Ultimately you have current doing useful work and I2R including waste heat just maintaining the melt temperature. I think what you are
saying is that running the cell with the wasted electrolysis power keeping the melt hot would be more efficient. You may or may not be right. You
are right that pulsing the power would waste energy.
Let's assume instead that the controller balances the steady current against the melt temperature. That's probably the lowest electrical power for a
given rate of sodium production... But only for that level of insulation. If more insulation is removed the cell might run at higher current and less
sodium metal might be lost through diffusion. Or the cell might be unstable through hydrogen explosions.
If you have a good high current power supply it makes sense to use as much current as possible or you waste the value.
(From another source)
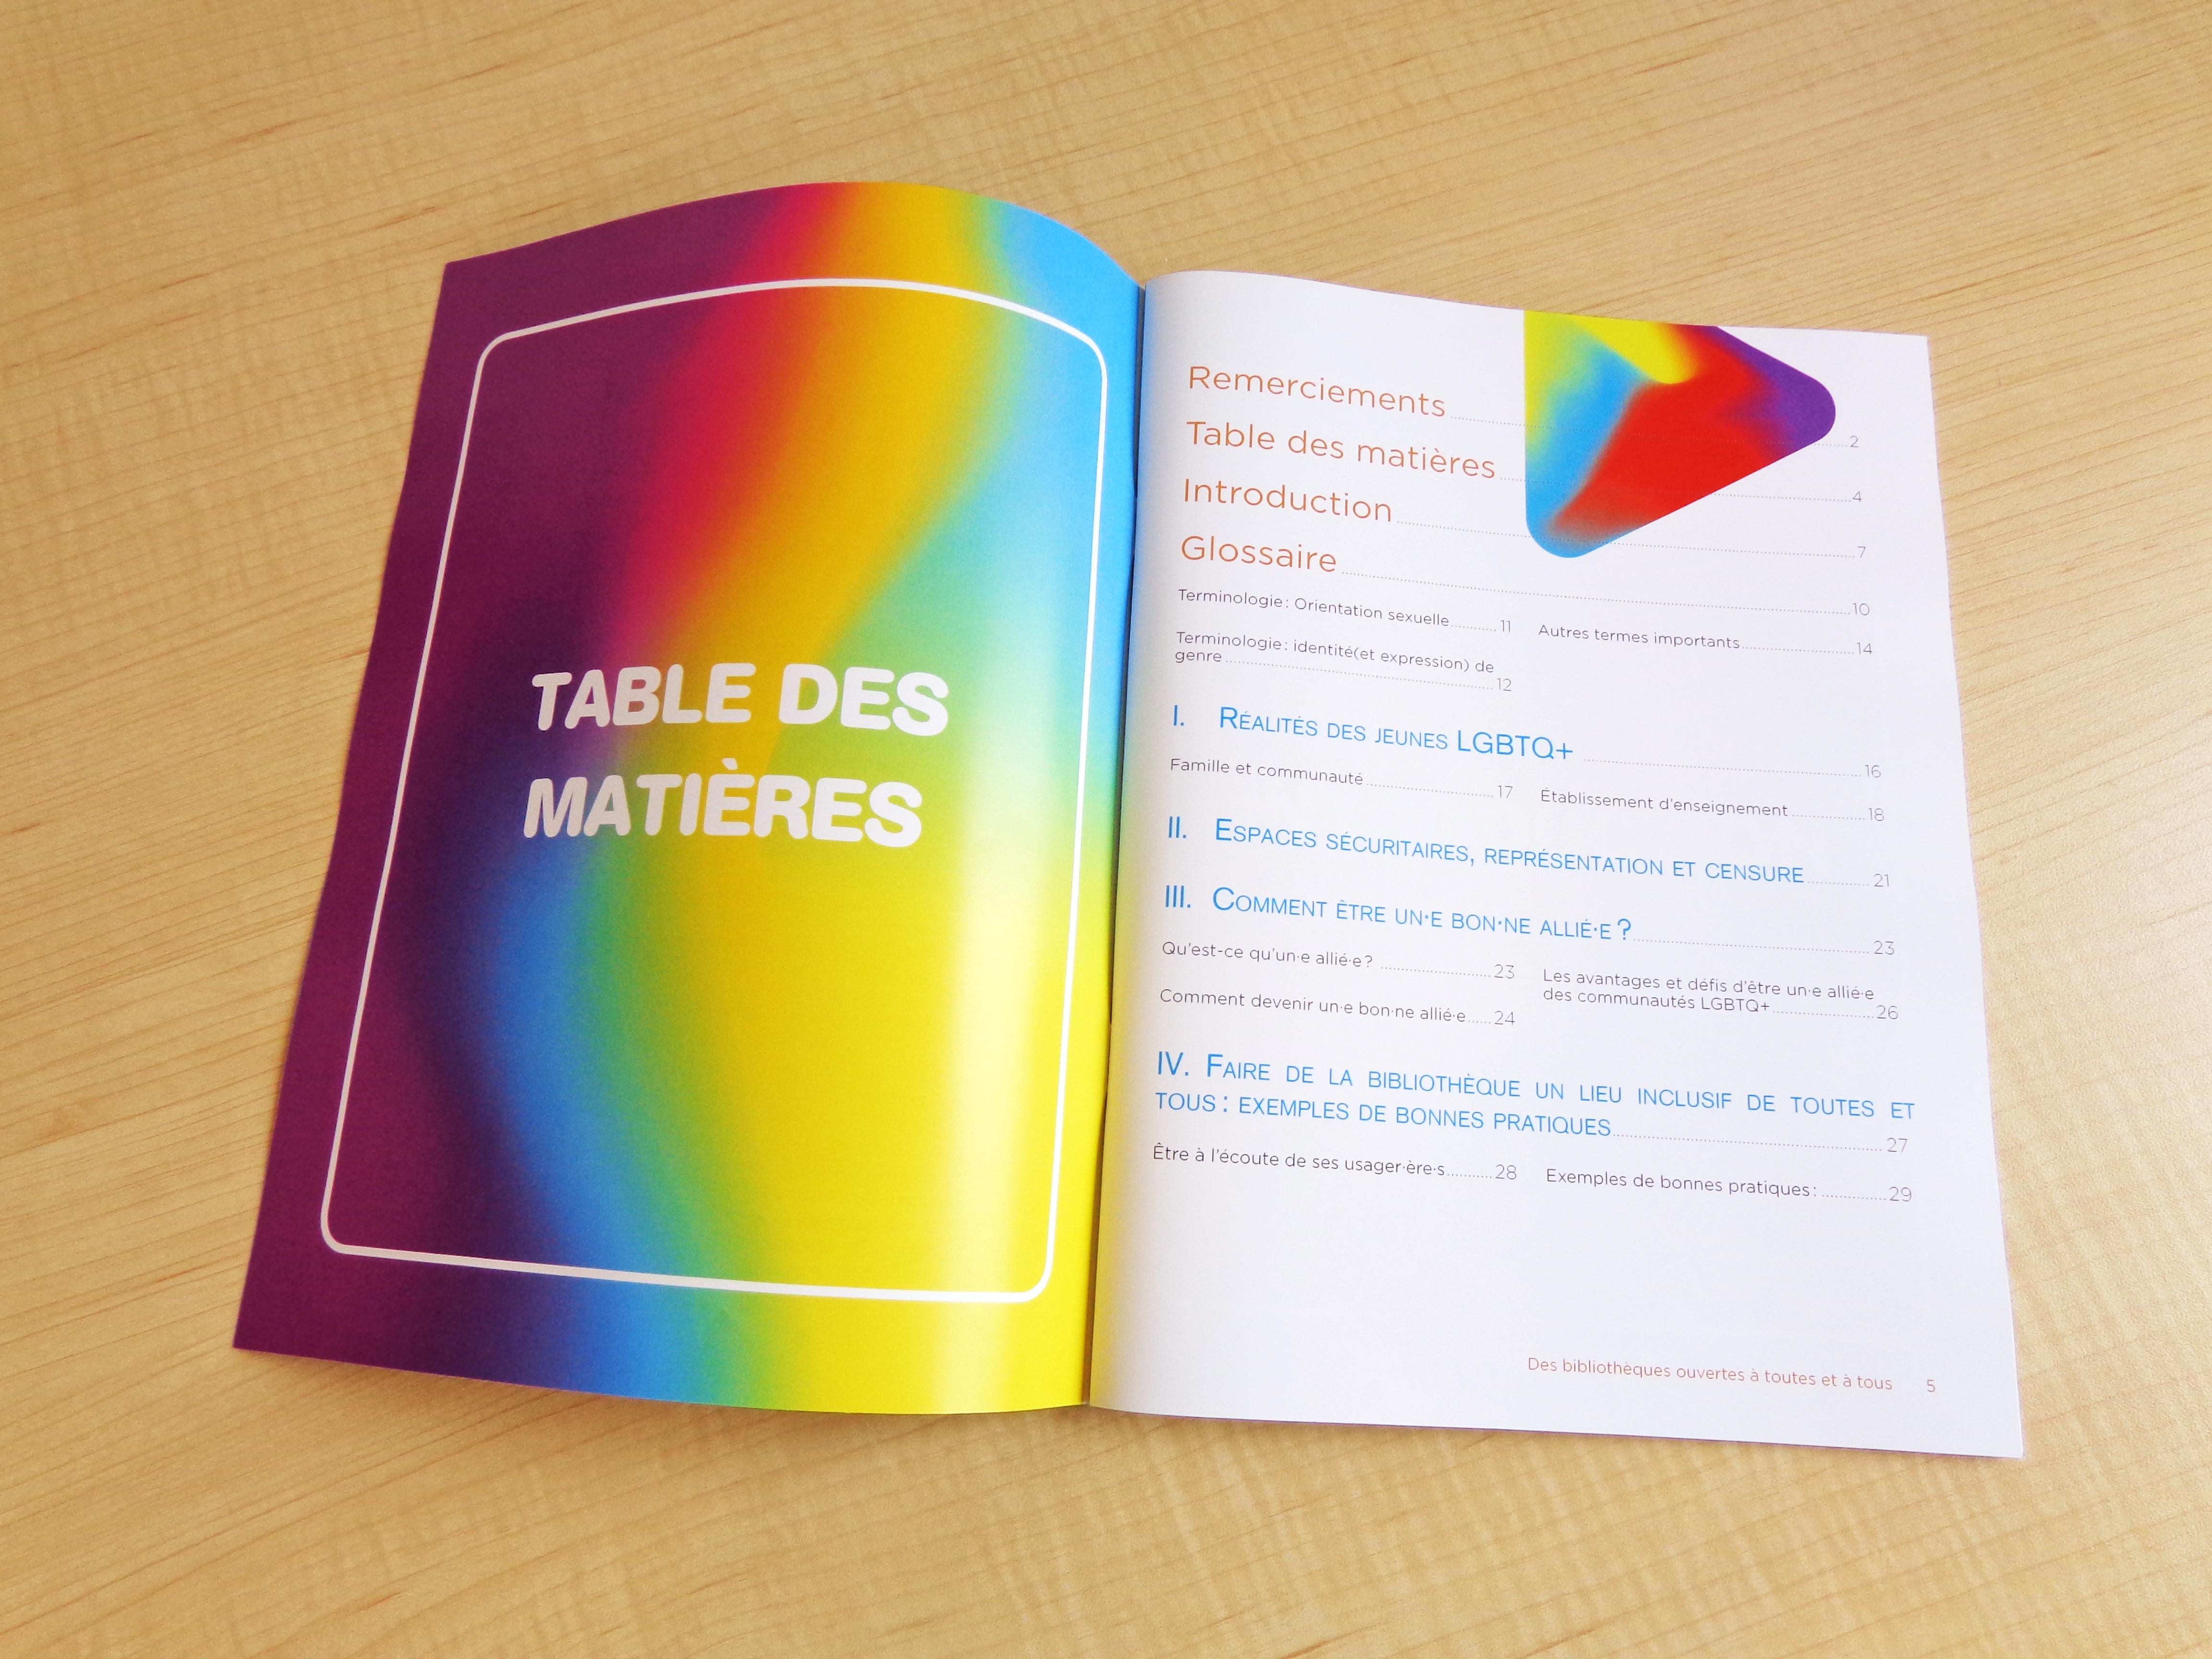 Guide - Table des matières

Twice the sodium produced at 3
times the cost could still be more value in a given unit of time even though the sodium costs more.
Most people just trying the experiment will probably be unable to keep the melt with the electrolysis supply they have and all the insulation they can
throw at it. They need a method of melting the solid hydroxide at the start of the experiment anyway.
Optimising the process would probably benefit from several years of experimental results and a chemical engineering degree and would also look at
electrode wear, cell life, cost of new parts and number of deaths per ton of sodium produced.
I'm starting to waffle, but my point is that it's easy to make a theoretical plan that ignores the big picture and often gets swamped by practical
problems. I succeeded in producing sodium on a small scale and failed scaling up to produce anything visible. I will probably try again knowing much
more now, but almost 2 decades on I'm not in love with going back to the fumes and sore eyes (behind goggles) bad electrical contacts and explosions
and loss of skin and everything corroding. |